The compositor may choose to implement a hotkey to start/stop the events or
it may implement the screen edges to be the hot key.
Open questions
--------------
### Flatpak integration
Where flatpak portals are in use, `libei` will communicate with
the portal and `libeis` with the portal implementation (e.g.
`xdg-desktop-portal-gdk`). The portal is reponsible for
allowing the client to connect and restrictions on the devices a client may
create. `libeis` will run in a private namespace of the compositor.

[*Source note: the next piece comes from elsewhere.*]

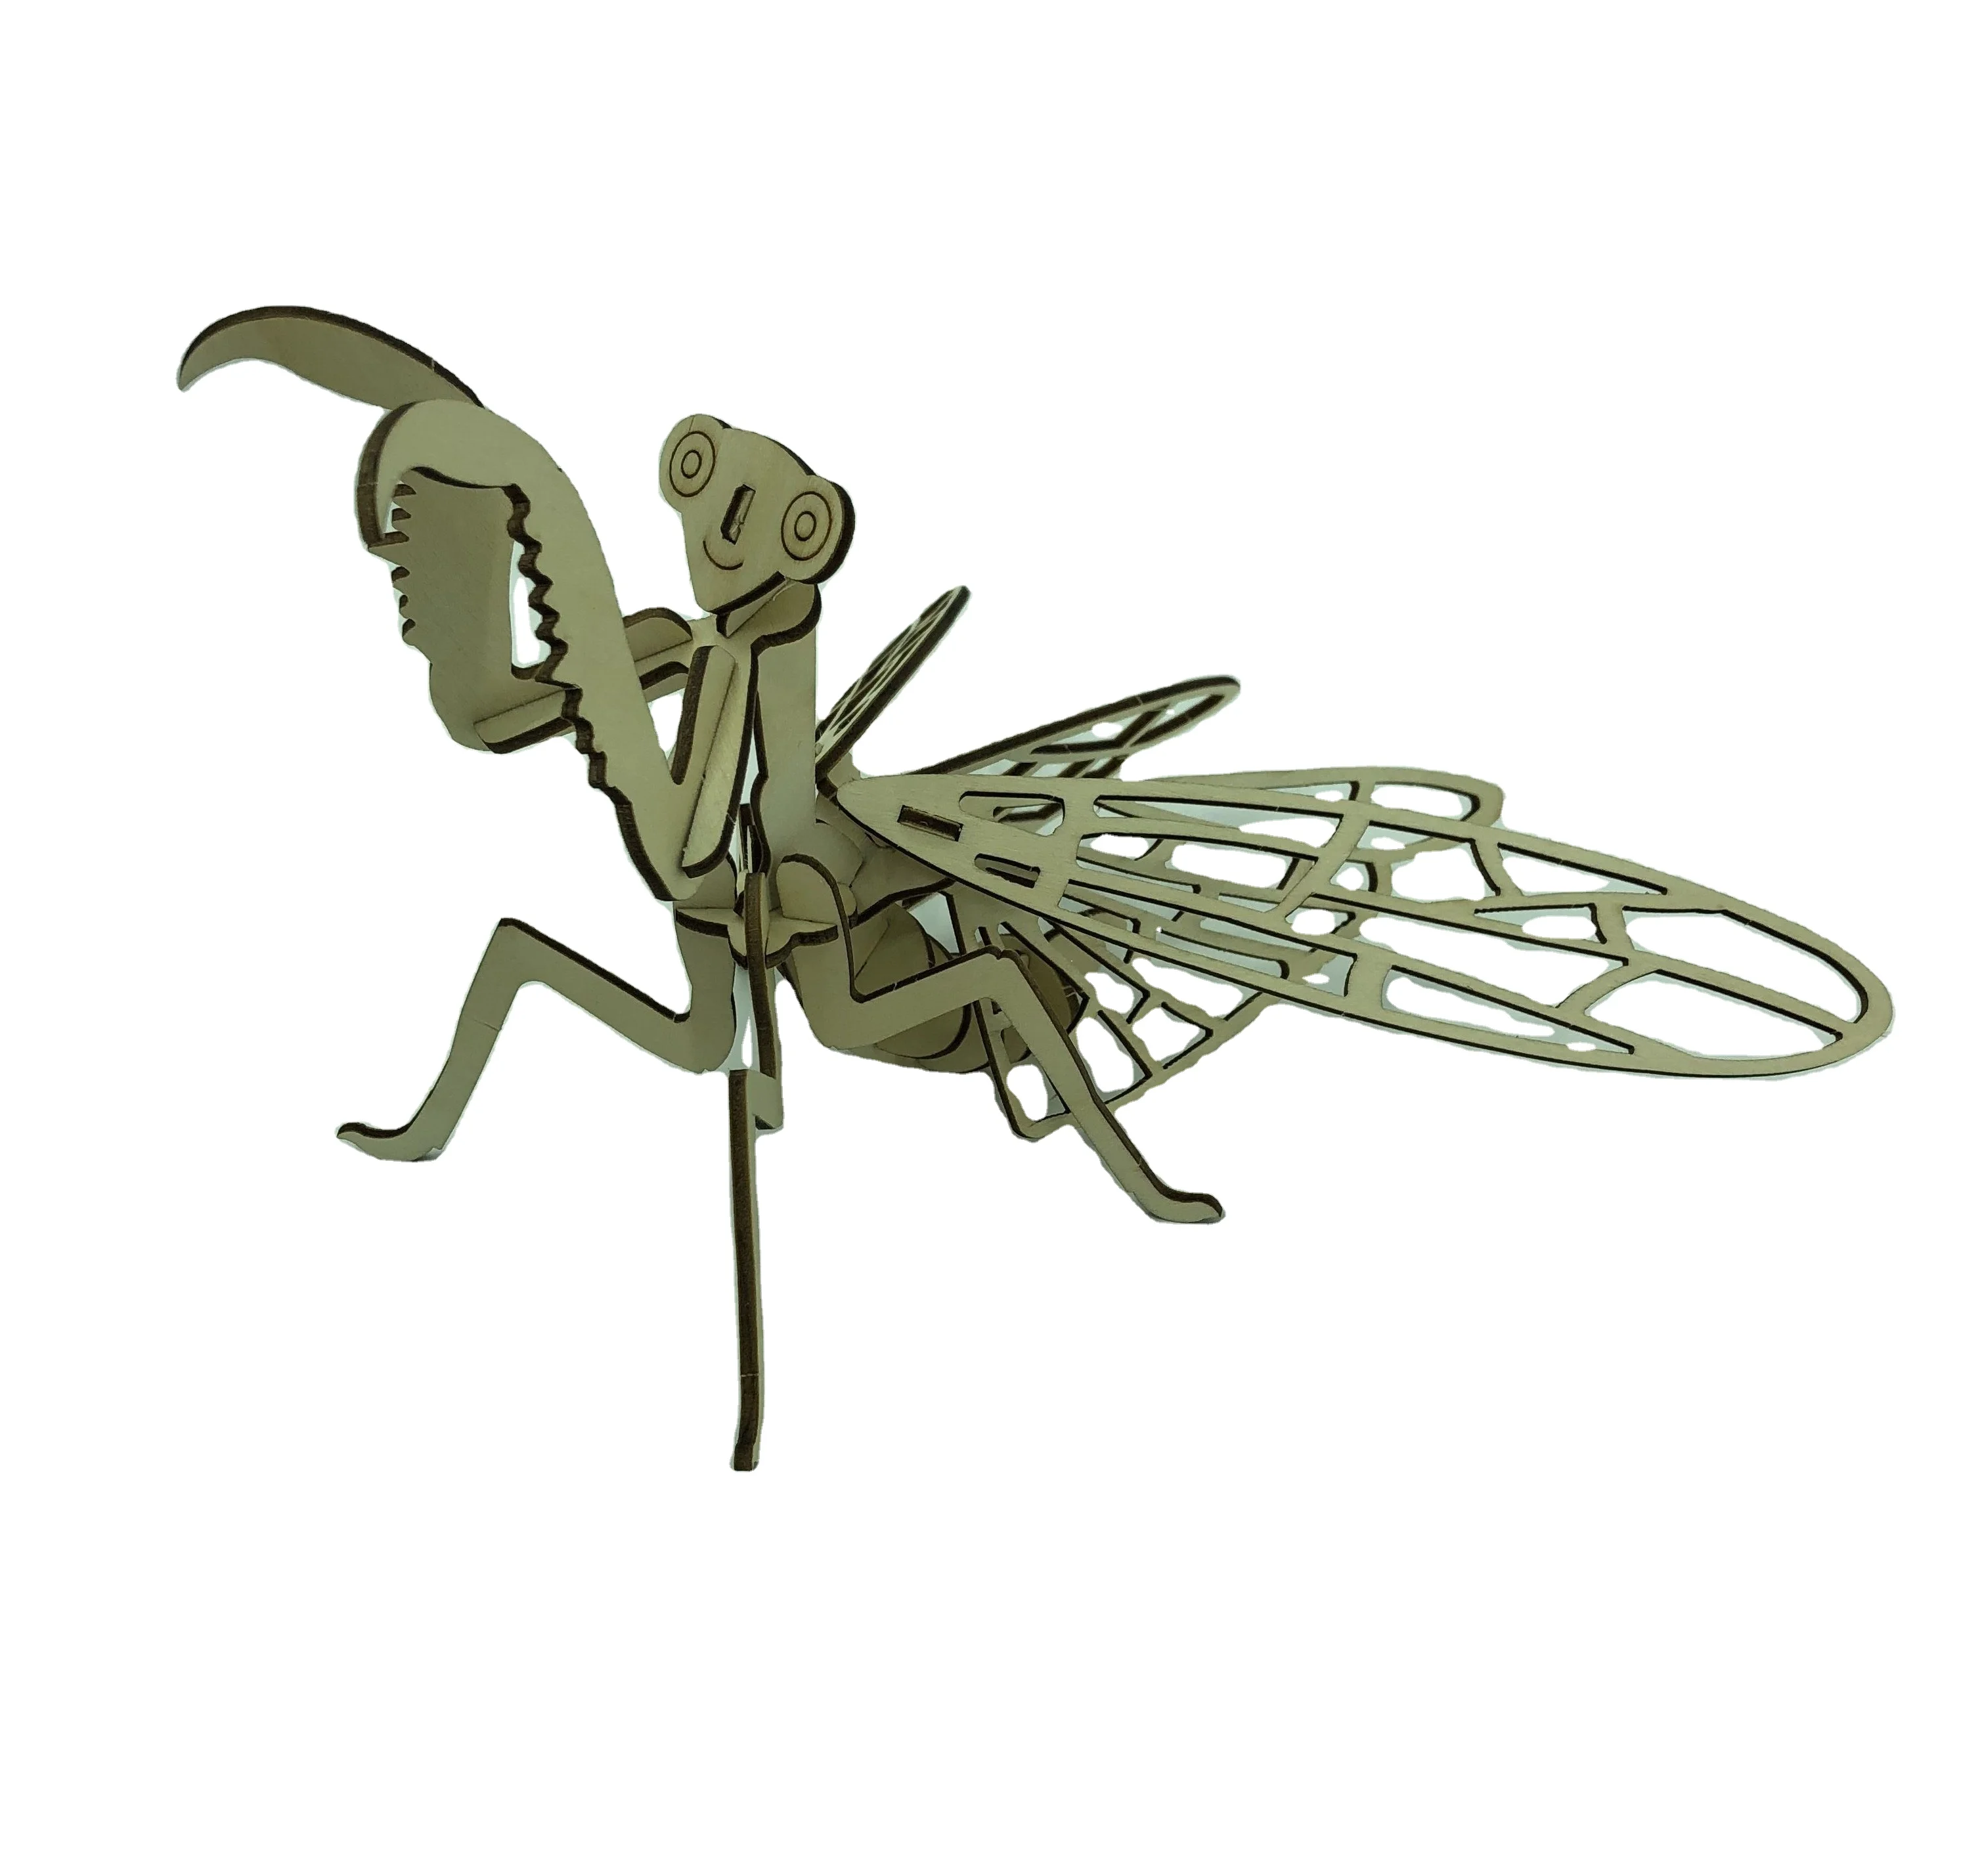 Mantis religiosa 3d madera kit insecto fangschrecke puzzle animal madera Puzzle

The portal **may** control suspending/resuming devices (in addition to the
server). The UI for this is not yet sorted.
### Authentication
Sandboxing is addressed via flatpak portals but a further level is likely
desirable, esp. outside flatpak. The simplest solution is the client
announcing the name so the UI can be adjusted accordingly. API wise-maybe an
opaque key/value system so the exact auth can be left to the implementation.
### Triggers
For `synergy` we need capability monitoring started by triggers, e.g. the
client requests a pointer capability monitoring when the real pointer hits
the screen edge. Or in response to a keyboard shortcut.
### Keyboard layouts
The emulated input may require a specific keyboard layout, for example
for softtokens (usually: constant layout "us") or for the `synergy` case
where the remote keyboard should have the same keymap as the local one, even
where the remote host is configured otherwise.
libei provides keymap negotation: the client can pick a keymap, the server
can accept it, refuse it, or override it with its own. In the latter two
cases it is up to the client to handle the result.
Modifier state handling, group handling, etc. is still a private
implementation so even where the server supports individual keymaps. So it
remains to be seen if this approach is sufficient.